Discrete choice analysis for trip timing decisions of morning commuters – estimations from joint SP/RP-GPS data
Last modified: 27 June 2011
Abstract
The modeling of individuals' departure time choices has gained increasingly interest over the past few decades. Understanding drivers' preferences for different departure times not only has important implications for policy evaluation (e.g., road pricing, peak spreading), but the resulting parameters obtained from the discrete choice model can also be used as key inputs for traffic demand models. There is a long tradition of estimating departure time choice models using SP data, due to the scarcity of good quality RP data. In the more recent literature there are an increasing number of studies that combine both types of data.
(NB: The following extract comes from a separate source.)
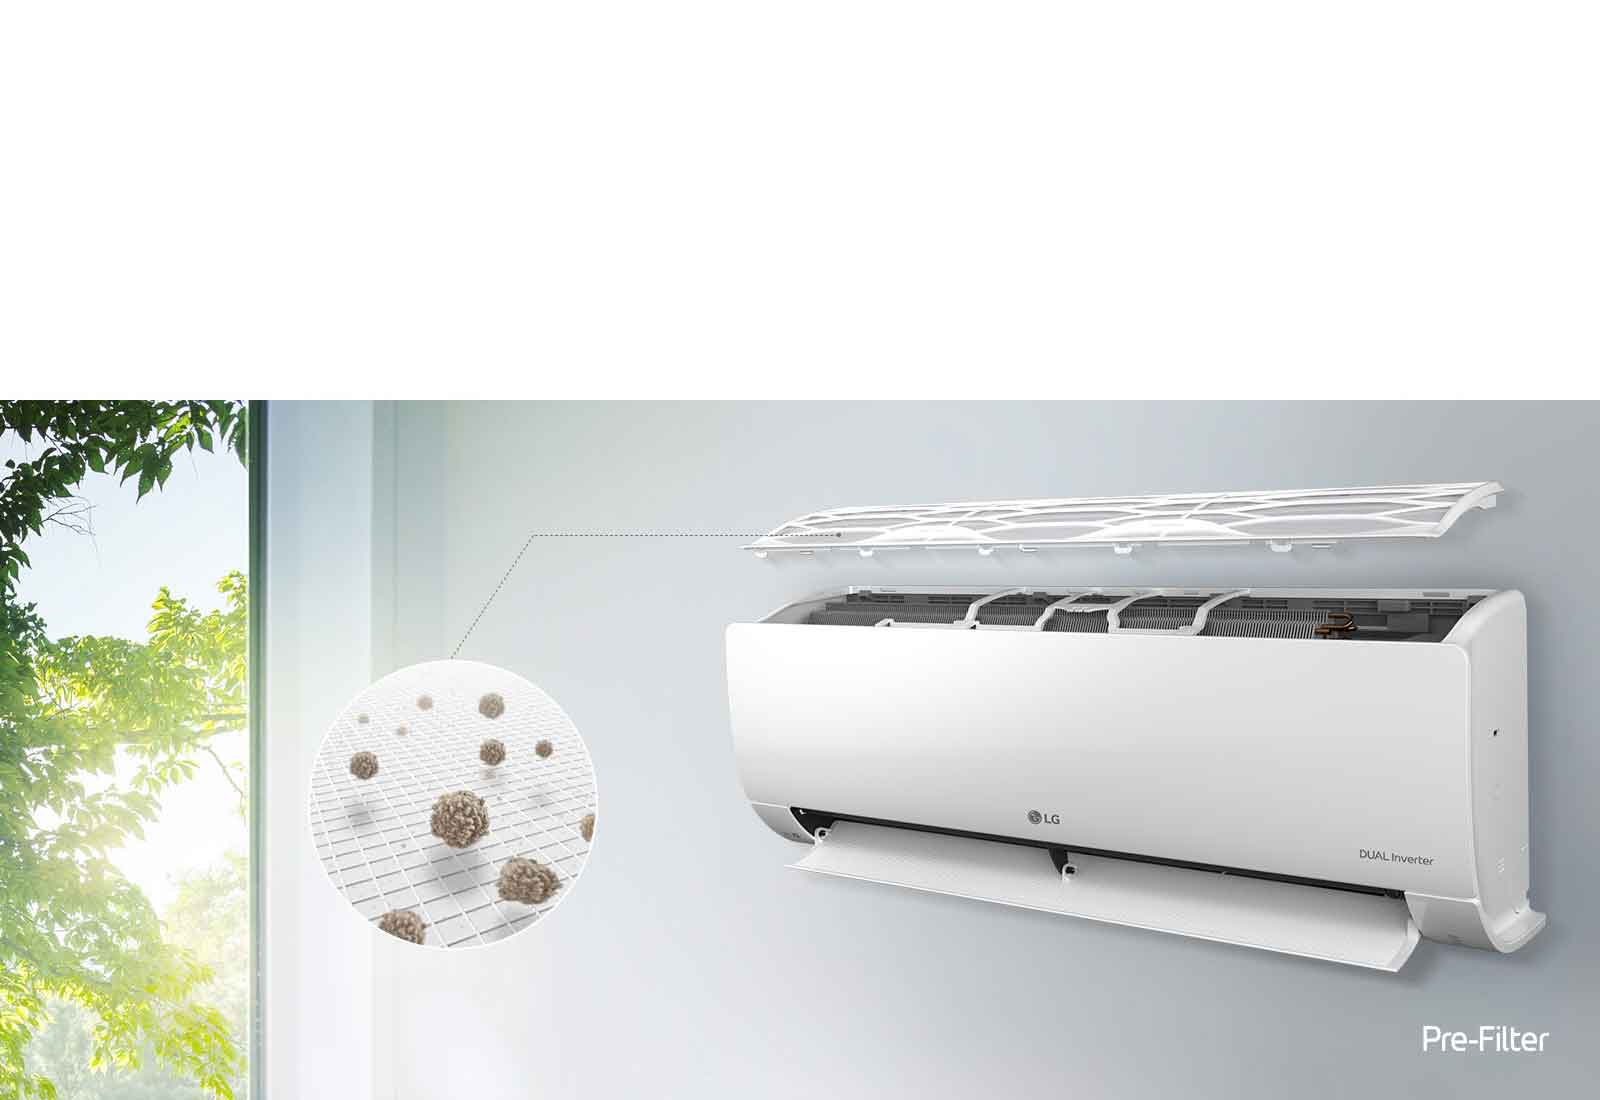 De LG-airconditioner is aan de muur bevestigd en gezien vanaf de zijkant. Het bovenste paneel is open, zodat de binnenste filters te zien zijn. Een lijn van het voorfilter leidt naar een vergrote cirkel die het stof toont dat in het voorfilter gevangen zit. Het logo van het voorfilter staat rechtsonder.
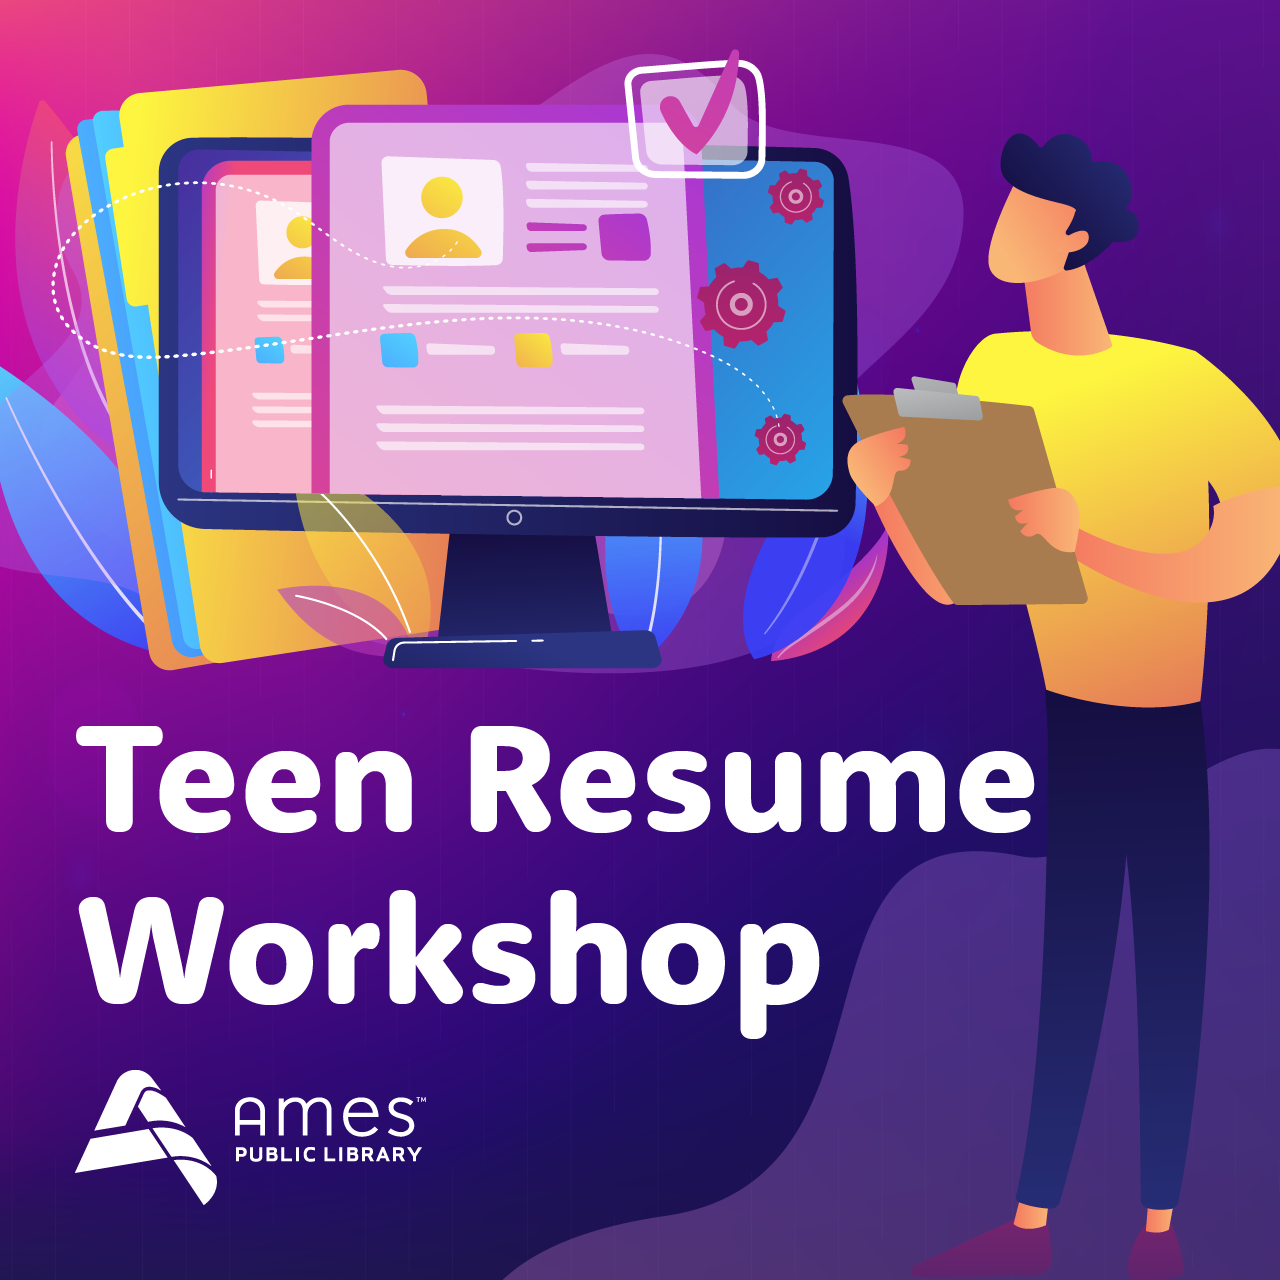 Teen Resume Workshop

While these studies focused more on the econometric issues of joint SP-RP estimation, less attention has been paid on the data issue, particularly the quality control of the RP observations and the comparability of choice situations between SP and RP data.
In the current study, we used the data collected from Dutch ‘Spitsmijden' project, which involved rewarding commuters for avoiding car trips in the peak hours. The RP data was well validated by using different technological means of data collection, and the choice scenarios of the SP survey were specifically designed for the comparison purpose. Furthermore, the information provided from GPS data was incorporated to enrich the RP observations. We show that this is crucial since estimation results from door-to-door travel time data differ from estimations based on only a part of the trip. The dataset gives us numerous opportunities for investigating many key features in joint SP-RP estimations. In the present paper we will report a series of joint SP-RP mixed logit models. In particular, the issues of scale heterogeneity between SP and RP, unobserved heterogeneity in the taste parameters, and the panel structure of the SP and RP dataset will be taken into account in the model specification.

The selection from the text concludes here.